From 3a0429292daa0e1ec848bd26479f5e48b0d54a42 Mon Sep 17 00:00:00 2001
From: Florian Westphal <fw@strlen.de>
Date: Mon, 23 Nov 2009 10:43:57 +0100
Subject: netfilter: xtables: fix conntrack match v1 ipt-save output

commit d6d3f08b0fd998b647a05540cedd11a067b72867
(netfilter: xtables: conntrack match revision 2) does break the
v1 conntrack match iptables-save output in a subtle way.

Problem is as follows:

    up = kmalloc(sizeof(*up), GFP_KERNEL);
[..]
   /*
    * The strategy here is to minimize the overhead of v1 matching,
    * by prebuilding a v2 struct and putting the pointer into the
    * v1 dataspace.
    */
    memcpy(up, info, offsetof(typeof(*info), state_mask));
[..]
    *(void **)info  = up;

As the v2 struct pointer is saved in the match data space,
it clobbers the first structure member (->origsrc_addr).

Because the _v1 match function grabs this pointer and does not actually
look at the v1 origsrc, run time functionality does not break.
But iptables -nvL (or iptables-save) cannot know that v1 origsrc_addr
has been overloaded in this way:

$ iptables -p tcp -A OUTPUT -m conntrack --ctorigsrc 10.0.0.1 -j ACCEPT
$ iptables-save
-A OUTPUT -p tcp -m conntrack --ctorigsrc 128.173.134.206 -j ACCEPT

(128.173... is the address to the v2 match structure).

To fix this, we take advantage of the fact that the v1 and v2 structures
are identical with exception of the last two structure members (u8 in v1,
u16 in v2).

We extract them as early as possible and prevent the v2 matching function
from looking at those two members directly.
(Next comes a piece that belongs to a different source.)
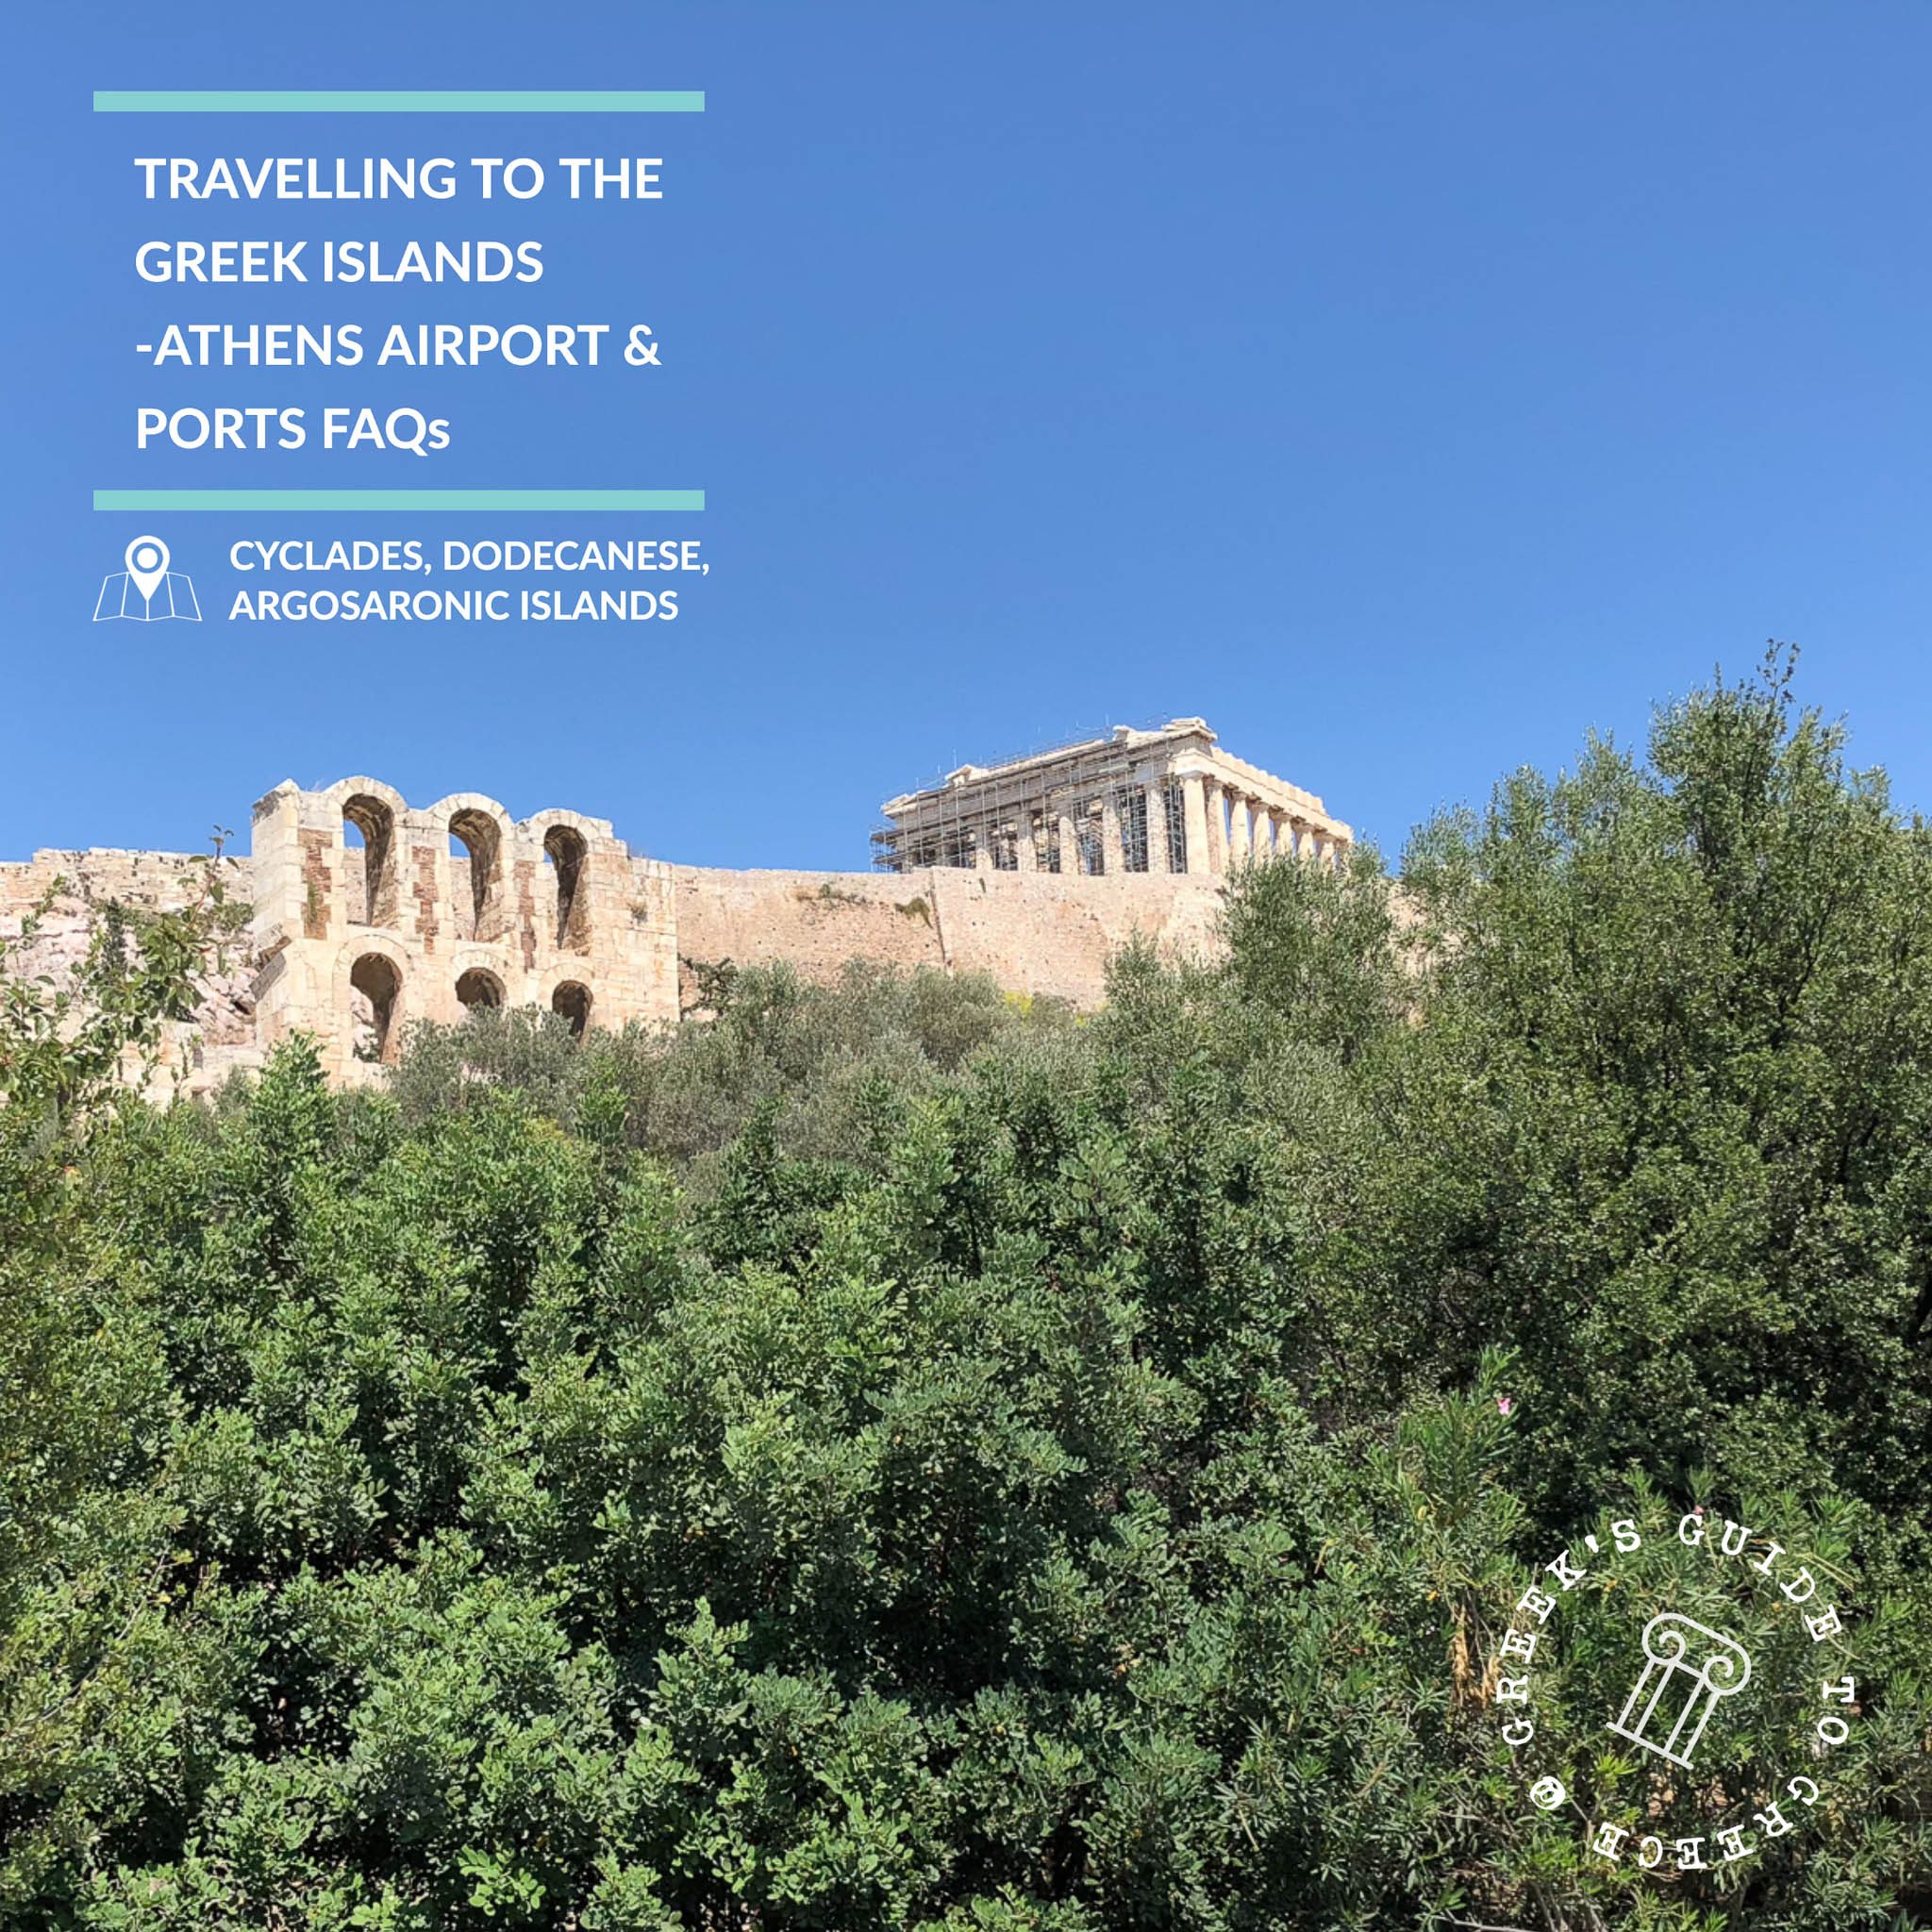 Athens airport ports
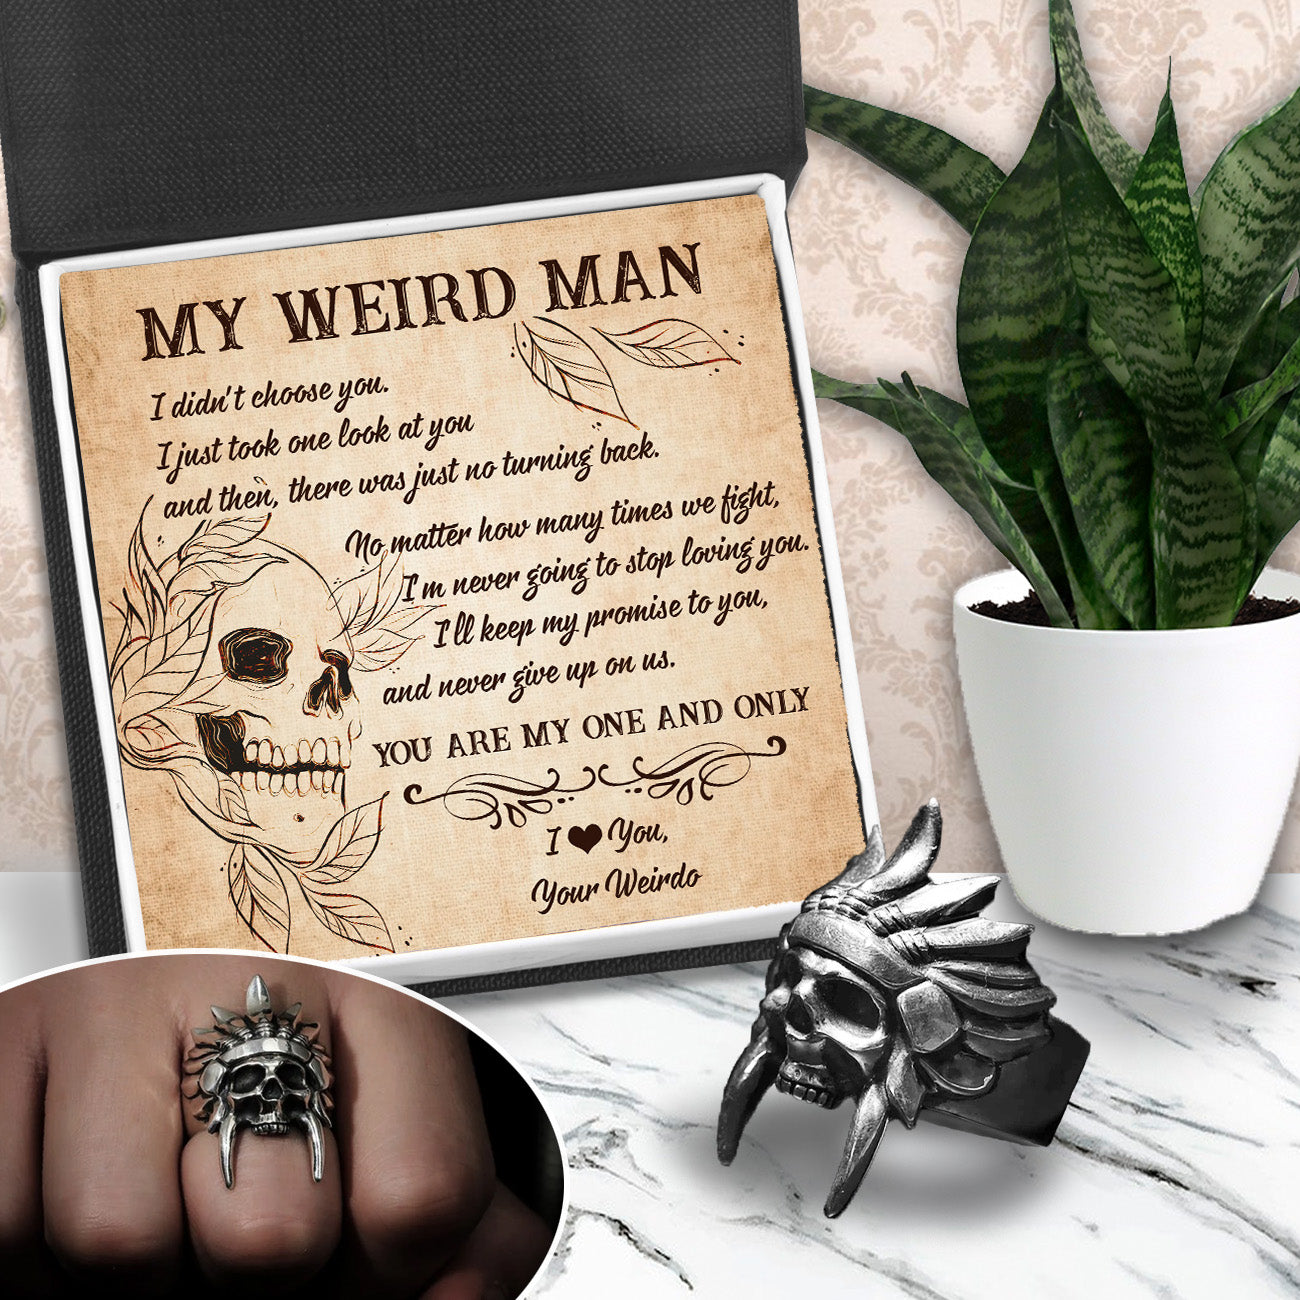 Christmas Gift Tribal Chief Ring - Skull & Tattoo - My Weird Man - You Are My One And Only

Previously reported by Michel Messerschmidt via Ben Hutchings, also
see Debian Bug tracker #556587.

Signed-off-by: Florian Westphal <fw@strlen.de>
Signed-off-by: Patrick McHardy <kaber@trash.net>
---
 net/netfilter/xt_conntrack.c | 61 ++++++++++++--------------------------------
 1 file changed, 17 insertions(+), 44 deletions(-)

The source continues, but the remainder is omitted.